> **GOAL OF THE EXERCISE**: Any picture in the listing is left out of the copy; all else is duplicated exactly.

> **STORED DATA**:

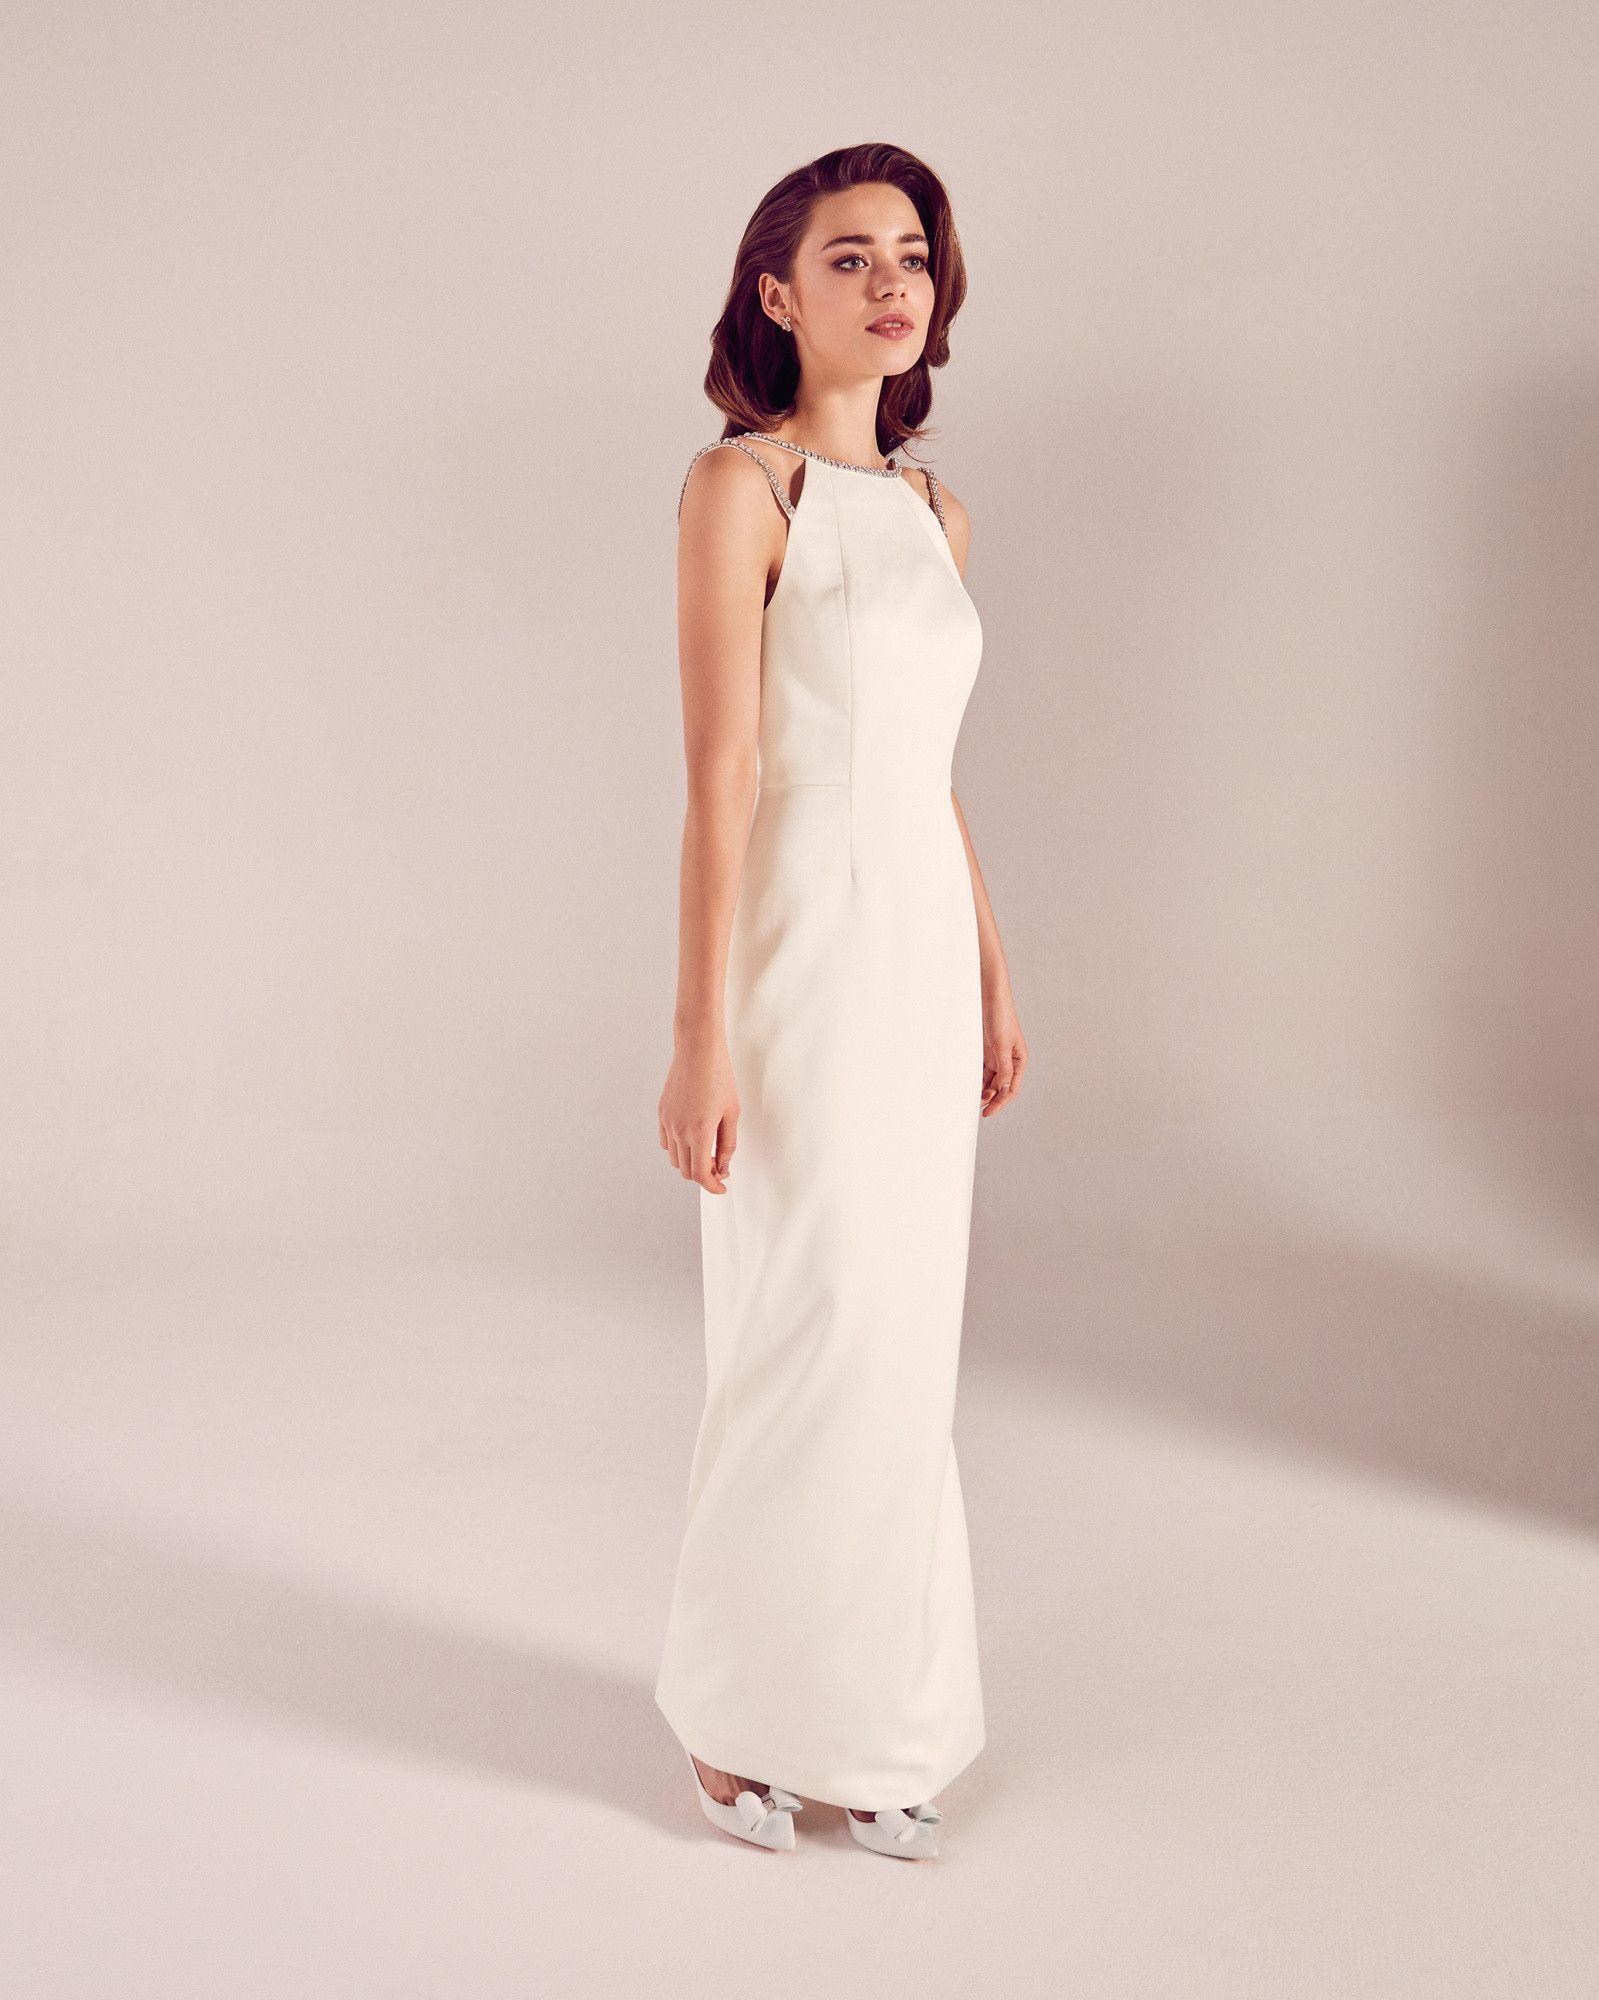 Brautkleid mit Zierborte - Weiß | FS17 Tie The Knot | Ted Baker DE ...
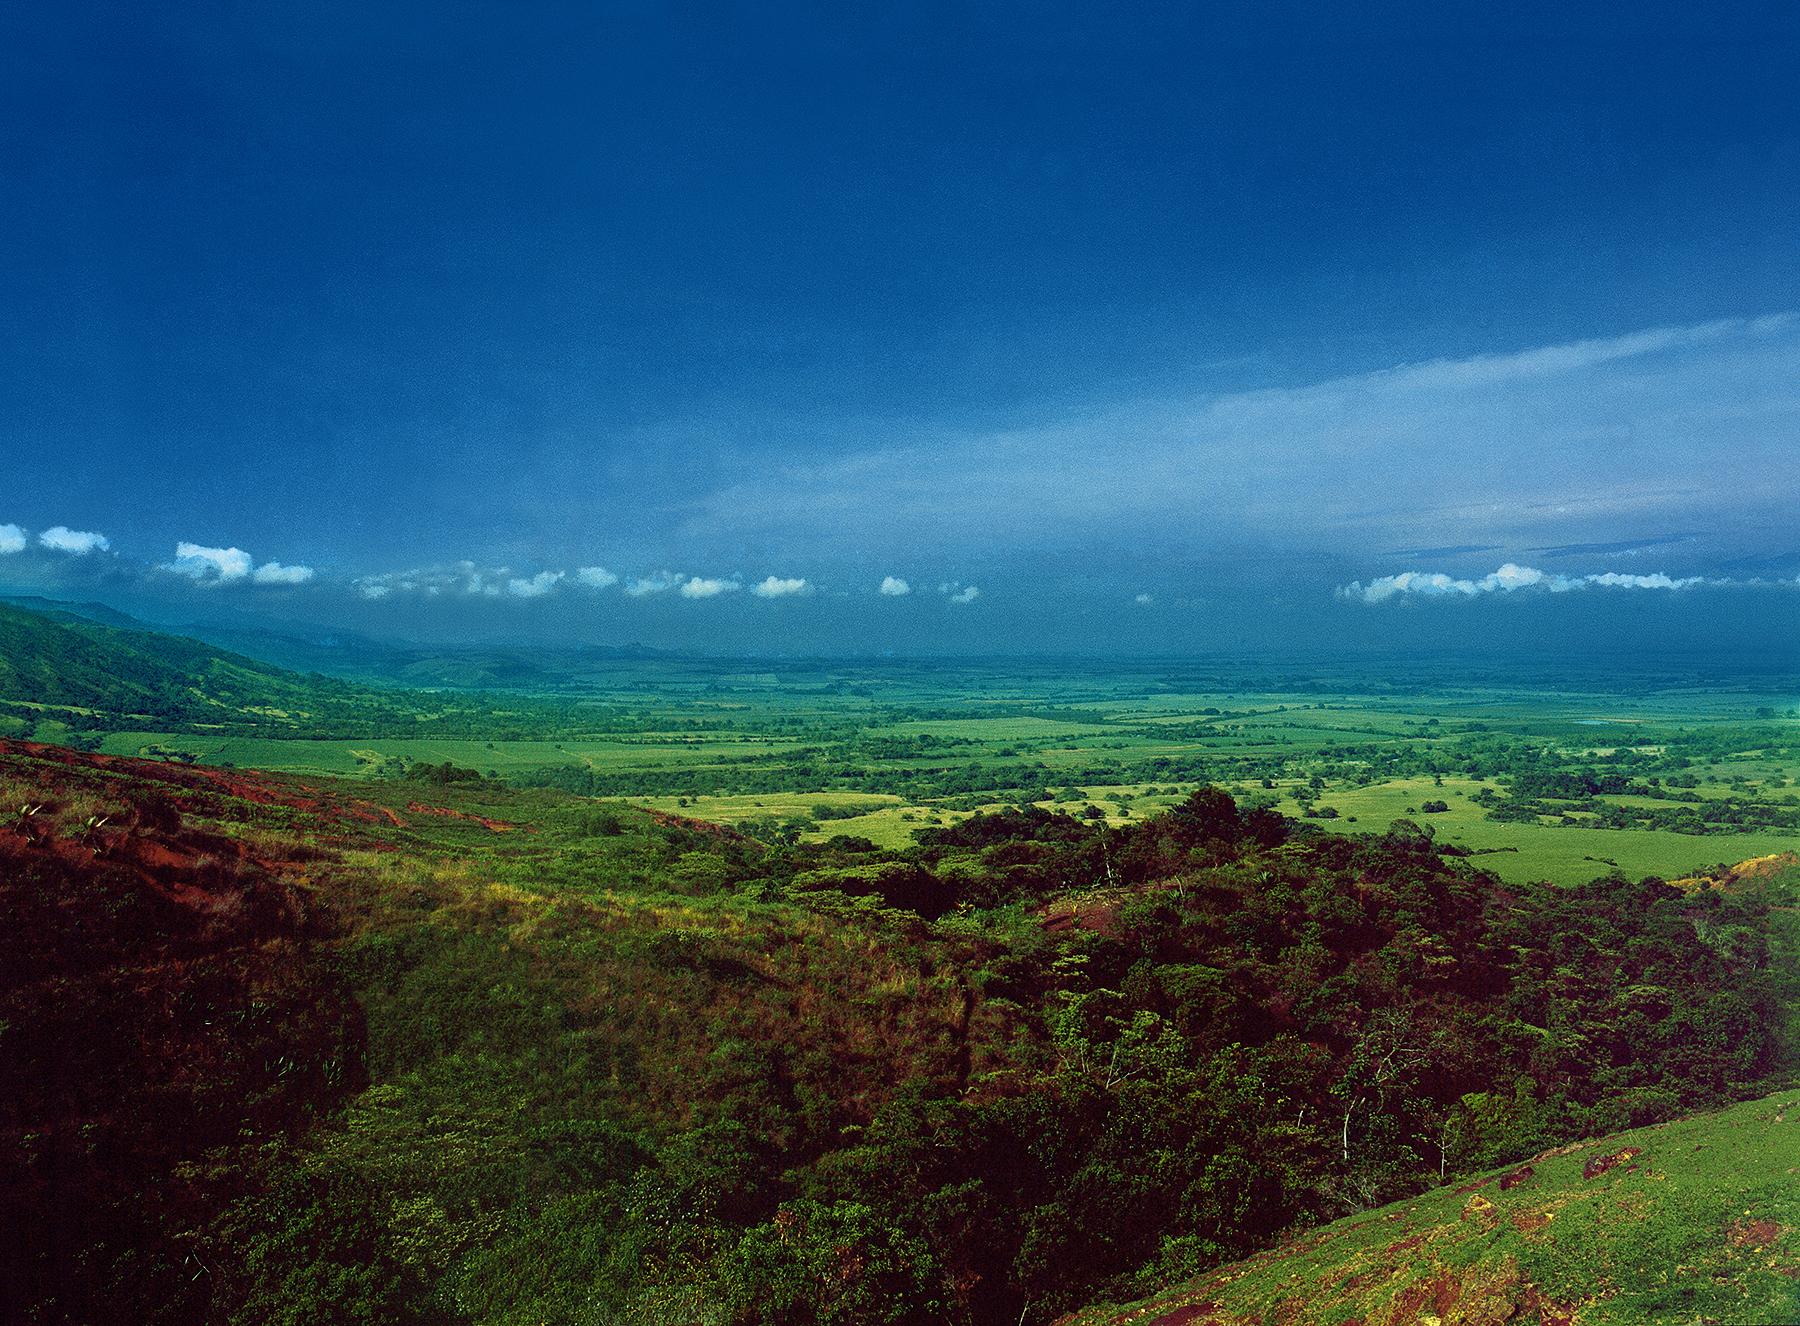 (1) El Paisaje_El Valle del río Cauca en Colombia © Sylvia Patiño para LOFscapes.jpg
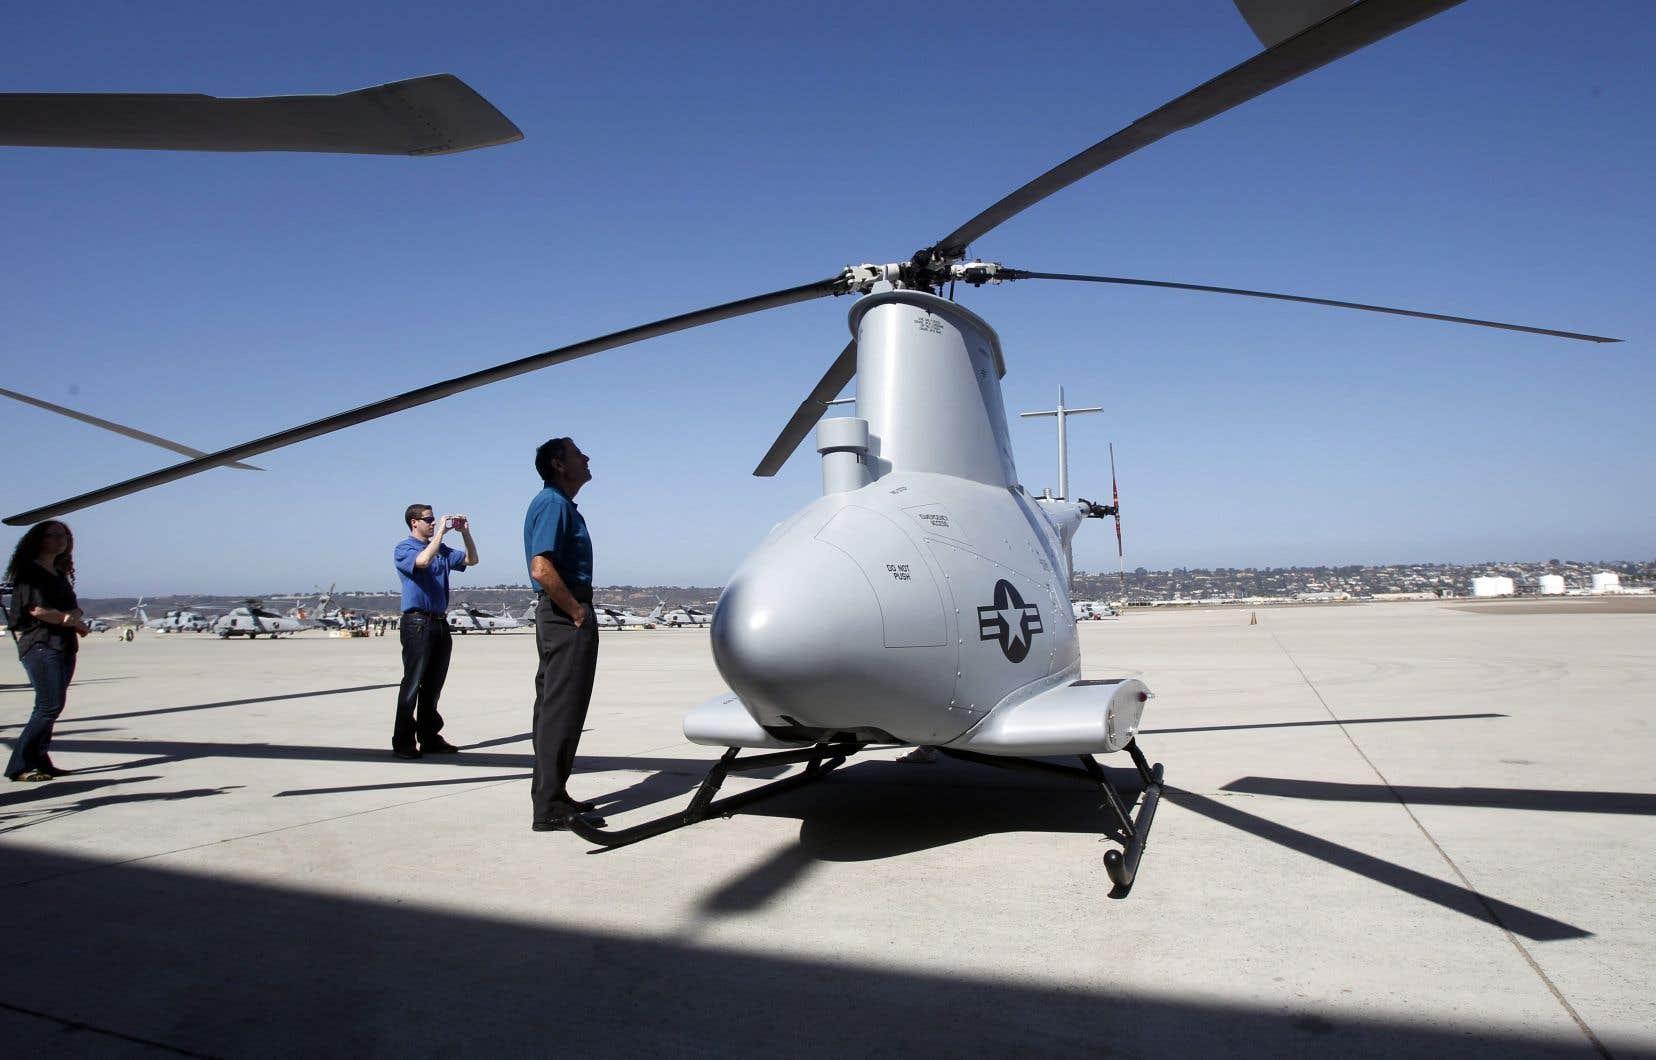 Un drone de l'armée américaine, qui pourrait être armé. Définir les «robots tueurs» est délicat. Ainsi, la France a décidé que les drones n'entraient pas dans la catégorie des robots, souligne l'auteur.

> **WRITTEN RESPONSE**:
 Brautkleid mit Zierborte - Weiß | FS17 Tie The Knot | Ted Baker DE ...
 (1) El Paisaje_El Valle del río Cauca en Colombia © Sylvia Patiño para LOFscapes.jpg
 Un drone de l'armée américaine, qui pourrait être armé. Définir les «robots tueurs» est délicat. Ainsi, la France a décidé que les drones n'entraient pas dans la catégorie des robots, souligne l'auteur.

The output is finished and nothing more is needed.